Action Alert: Family Game Night
March 30, 2012
In the elementary school where I work, we are recognizing that our students are lacking basic number sense. “Number sense" is to math what "reading comprehension" is to reading. It is not only orally counting and understanding that numbers have names used to identify quantities, but it is also the ability to match a number name with an item in a set. Playing games with dice, such as Yahtzee, Dominoes, and Shut the Box provide rich opportunities for children to learn number sense outside the classroom. Families today just aren’t sitting down at night playing board games like they used to. Instead, children are playing video games alone in their bedrooms. That said, if parents would play board games with their children regularly, it would reinforce their number sense in a fun and stress-free environment outside the classroom. Other board games that reinforce math skills are Connect Four, Chutes and Ladders, Trouble, Monopoly, puzzles, card games, etc.

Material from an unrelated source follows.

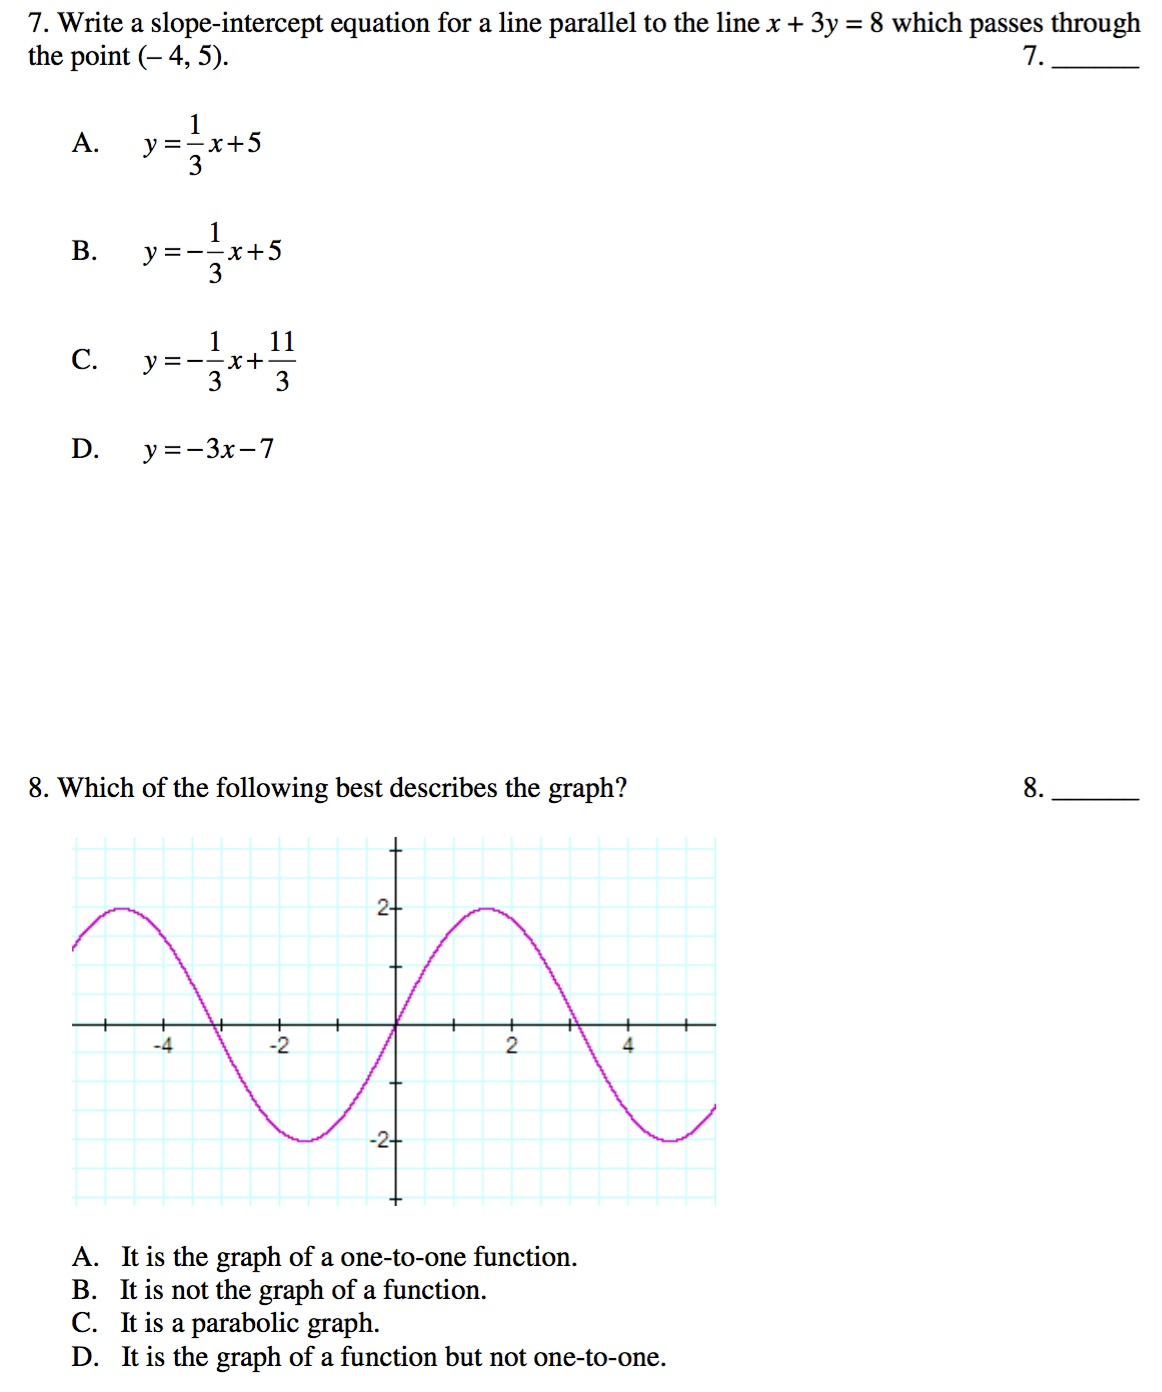 parallel line slope intercept form calculator

Parents should know that students leaving first grade without solid number sense skills are essentially set up for lifelong struggles with math. Sometimes their teachers may not be spending enough time teaching the standards necessary to embed their number sense, or sometimes it may be that the concept is too abstract for children to comprehend at their developmental level. Therefore, families should take the time for “Family Game Night” with their children when they are young. This is an easy way to give them a solid foundation with number sense, and a lifelong understanding of basic math skills (not to mention the positive family relationships that are building in the process)!

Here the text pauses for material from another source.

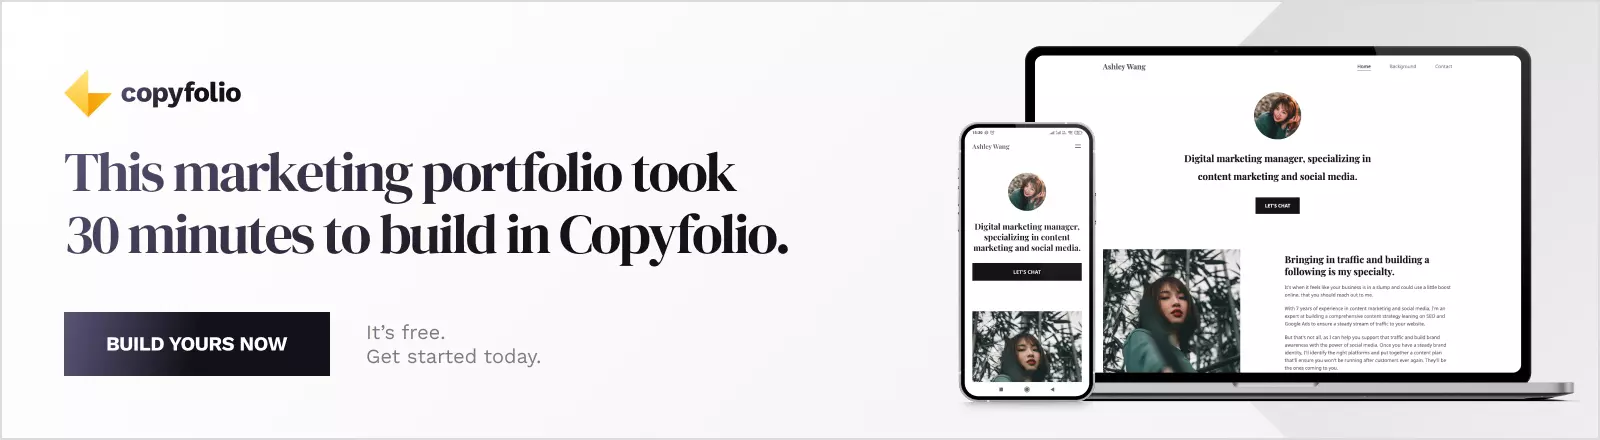 This marketing portfolio took 30 minutes to build in Copyfolio. Build yours now.

Cathi Bradley is a mother of two boys who attend the same school in which she is the Principal. She is the 2011 Mom Congress Delegate for West Virginia. Cathi tries her best to treat each student as if he or she is her own, making decisions that would be in their best interest. Having children of her own at the elementary school age puts her in an advantage of knowing what 21st century students need, as well as what challenges they face in society today.